#### Task brief
Reproduce, with no changes, the line that contains "Die Sitze sind gepolstert." and all the lines that come after it in the records.

#### Data records
⟨

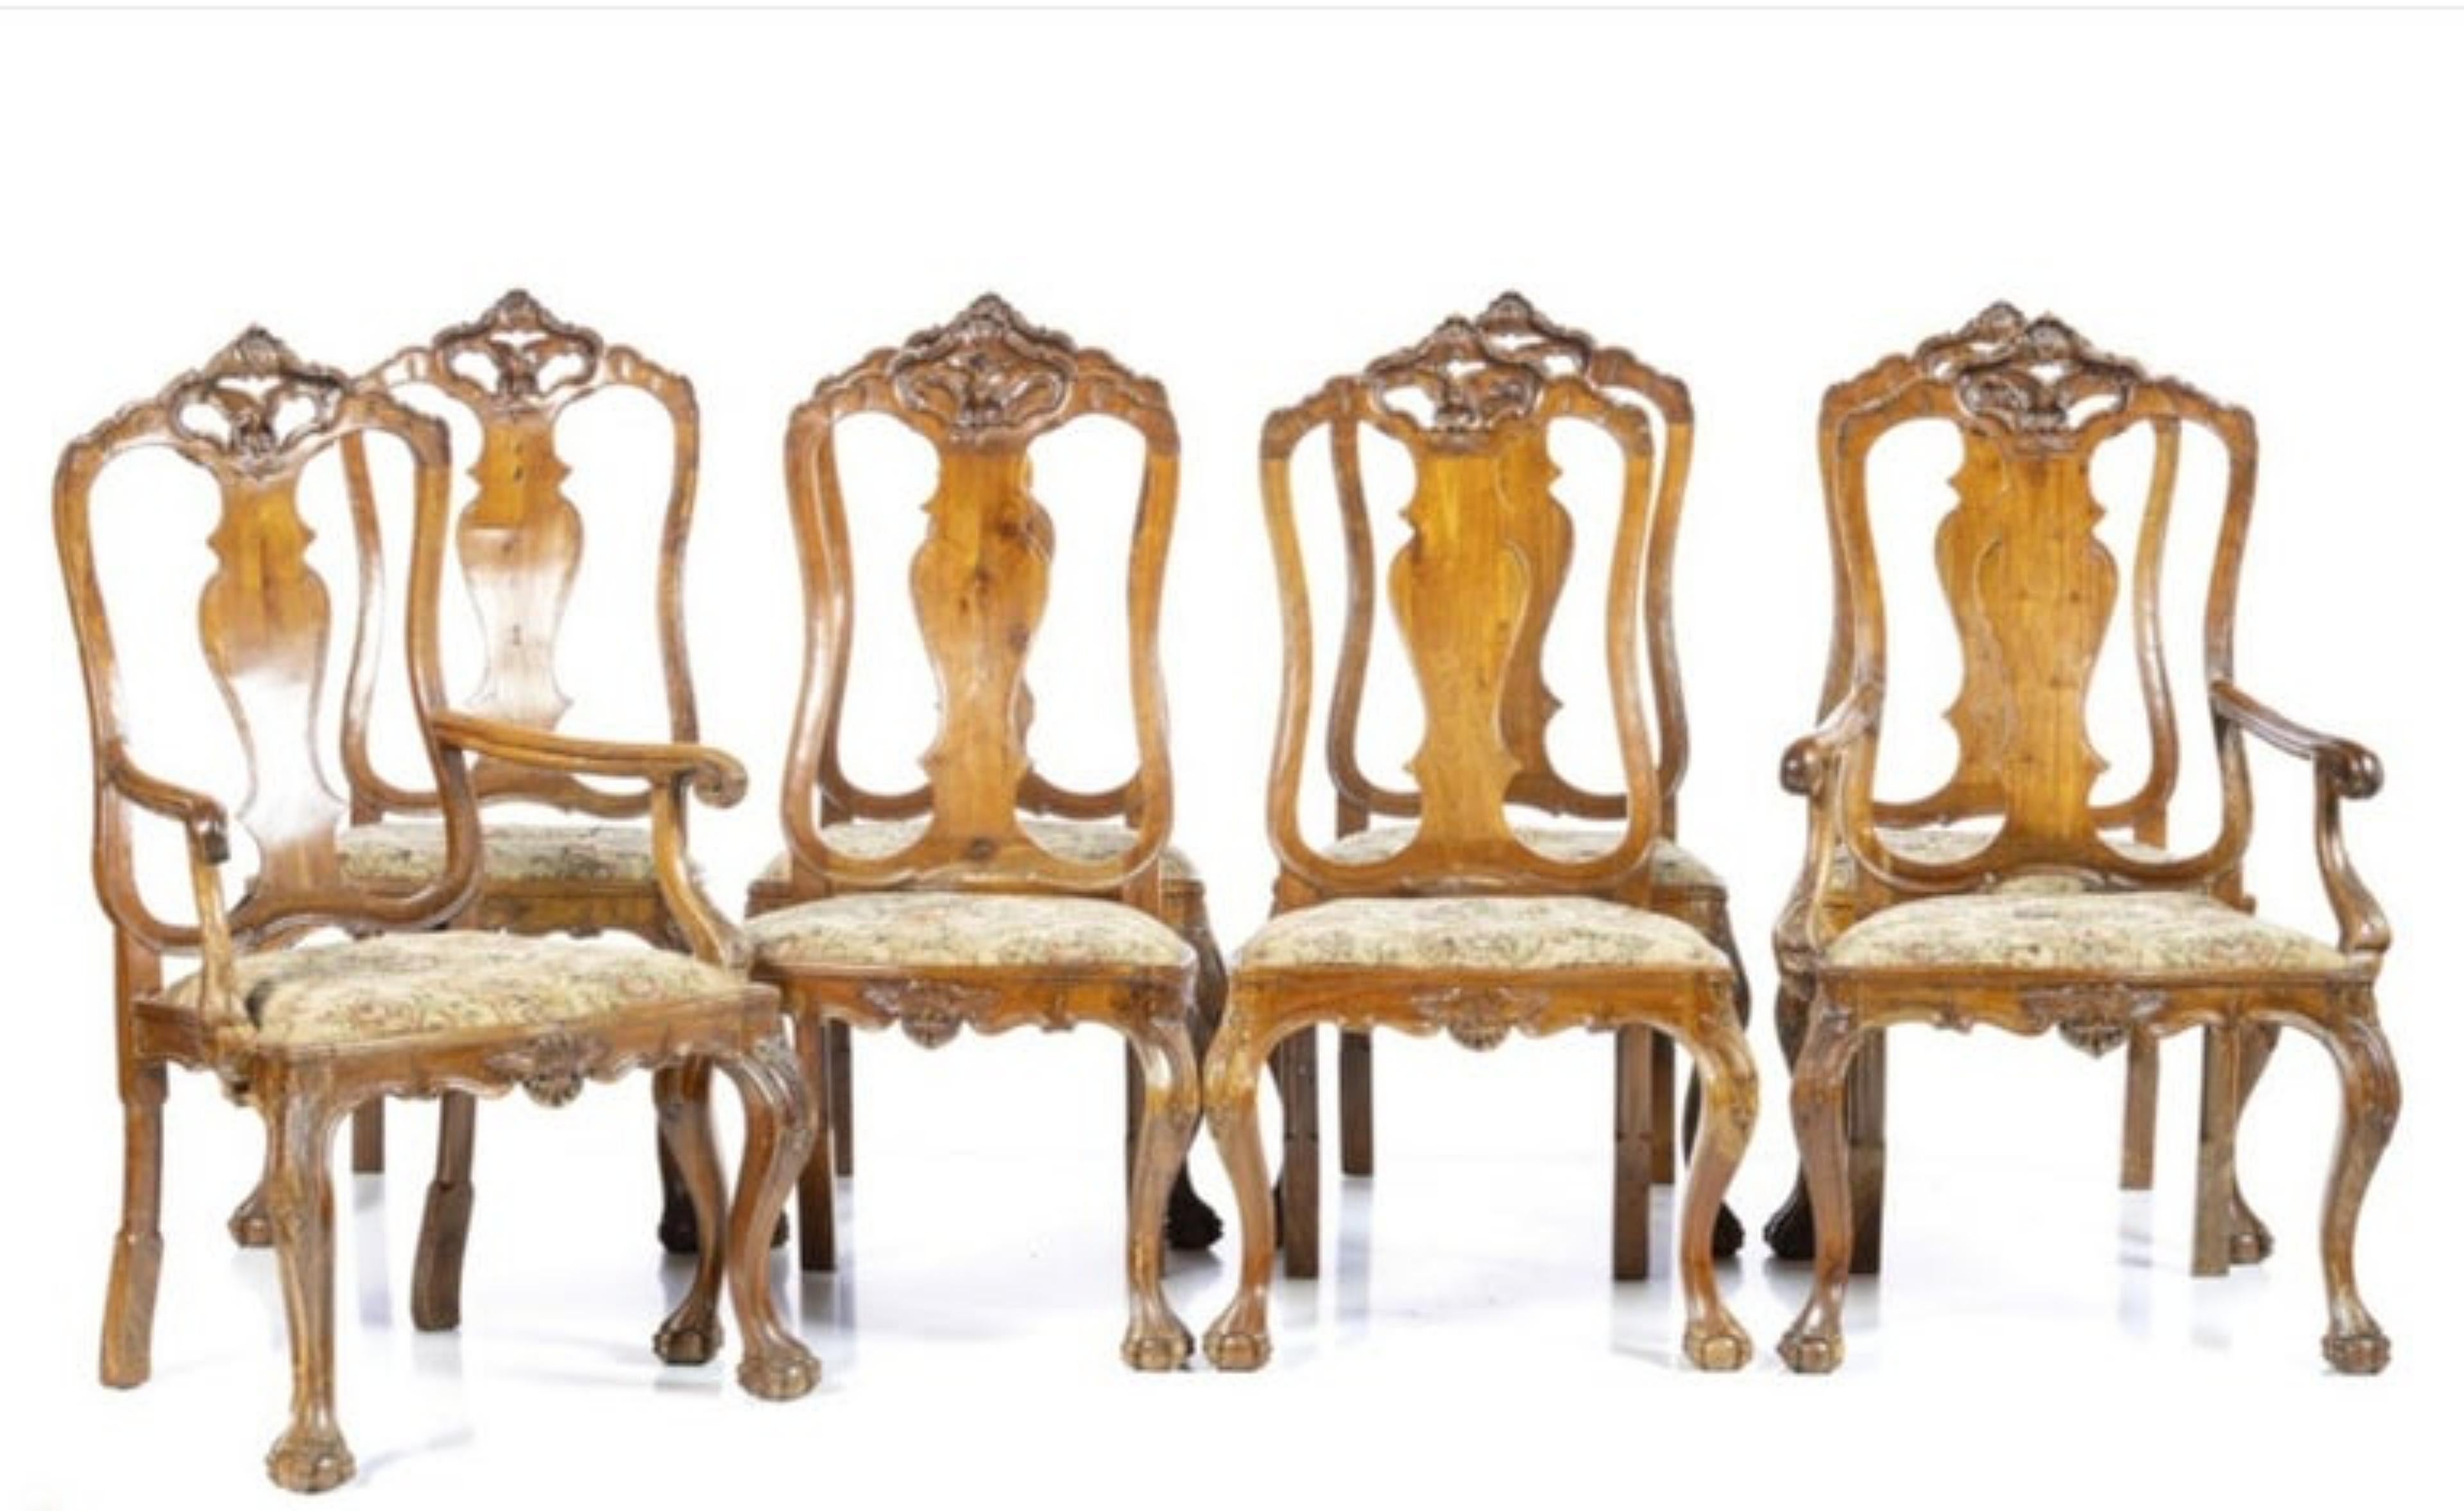 SATZ VON SECHS STÜHLEN UND ZWEI STÜHLEN

Portugiesisch D. João V, 18. Jahrhundert
aus geschnitztem Walnussholz.
Die Sitze sind gepolstert.
Abmessung: (Stuhl) 110 x 64 x 49 cm
gute Bedingungen.

⟩

#### The completed task
Die Sitze sind gepolstert.
Abmessung: (Stuhl) 110 x 64 x 49 cm
gute Bedingungen.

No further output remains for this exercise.